Padahal semua obat dan makanan di filtrasi di glomerulus ginjal, namun tidak semua menyebabkan
kerusakan pada ginjal. Lalu dengan asumsi masyarakat yang trauma tersebut apakah bisa
kembalikan kepercayaan kembali? Tidak mudah, karena kita ketahui bersama masyarakat tidak
semuanya mendapatkan pendidikan yang sama (iya karena sistem kapitalis tidak menjamin
pendidikan yang sama untuk semua warganya). Apakah jika anaknya sakit karena dengan trauma
tersebut kemudian tidak memberikan obat atau justru salah memberikan obat dalam bentuk yang
lain namun tidak sesuai dosis dan aturan? Bahaya juga kan? Apakah ini sebetulnya konspirasi agar
siapapun yang sakit harus pergi ke dokter dengan mengeluarkan biaya yang lebih (karena kesehatan
di negeri kapitalis tidak dijamin) padahal biasanya bisa swamedikasi dengan aman tanpa merogoh
kocek lebih dalam?

Semua sudah ada tupoksi dan kemampuannya masing-masing. Tidak seharusnya mengambil
kewenangan profesi lain demi keuntungan pribadi. Contoh saja, pendidikan kefarmasian atau
tentang obat-obatan hanya didapatkan mereka yang belajar di institusi kefarmasian yang belajar dan
menguasai semua tentang obat-obatan dari awal belum jadi obat hingga berubah jadi bentuk lain.
Seharusnya edukasi atau pemberian obat dilakukan oleh ahli tersebut (farmasi) bukan yang lain.

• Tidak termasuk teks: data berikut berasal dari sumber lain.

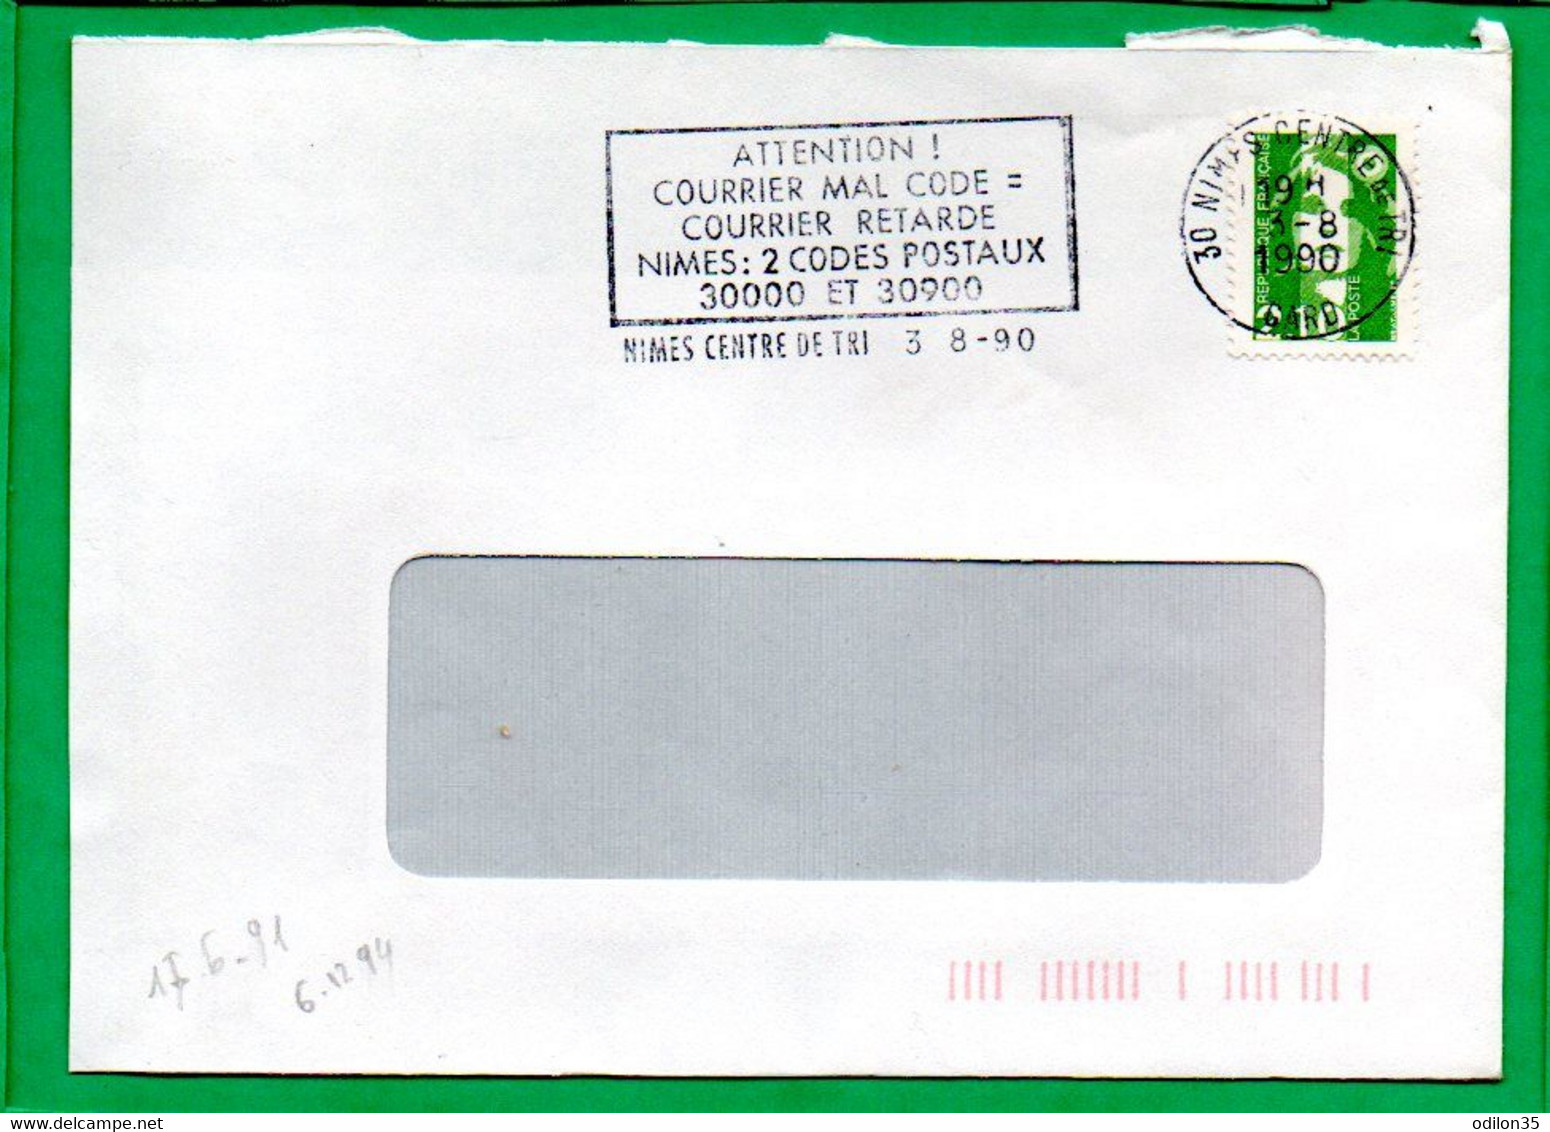 GARD, Nimes Centre De Tri, "Attention! Courrier Mal Codé = Courrier Retardé Nimes 2 Codes Postaux 30000 Et 30900" - Mechanical Postmarks (Advertisement)

Contoh lain diagnosa, itu adalah ilmunya kedokteran maka yang berhak melakukan diagnosa adalah
dokter. Kesalahan penggunaan wewenang sebenarnya tidak akan terjadi jika sistem yang digunakan
adalah Islam bukan kapitalis yang berpegang kepada kebebasan. Di dalam Islam, menggunakan
kewenangan diluar kemampuan/keilmuan maka pasti akan mendapatkan sanksi karena
membahayakan umat. Dalam bidang kesehatan, Islam menjamin kesehatan setiap rakyatnya,
gratisss!!! Jadi, tenaga kesehatan tidak akan sampai melakukan tindakan diluar keahliannya demi
cuan, karena cuan didapatkan dari negara tanpa dzalim. Mau nanya kok bisa gratis?? Ya iya dong,
kan semua pembiayaan dan gaji tenaganya dari Baitul Mal, hartanya dari kekayaan negara. Seperti
minerba itu punya negara dikelola negara, hasilnya untuk rakyat tuh tadi.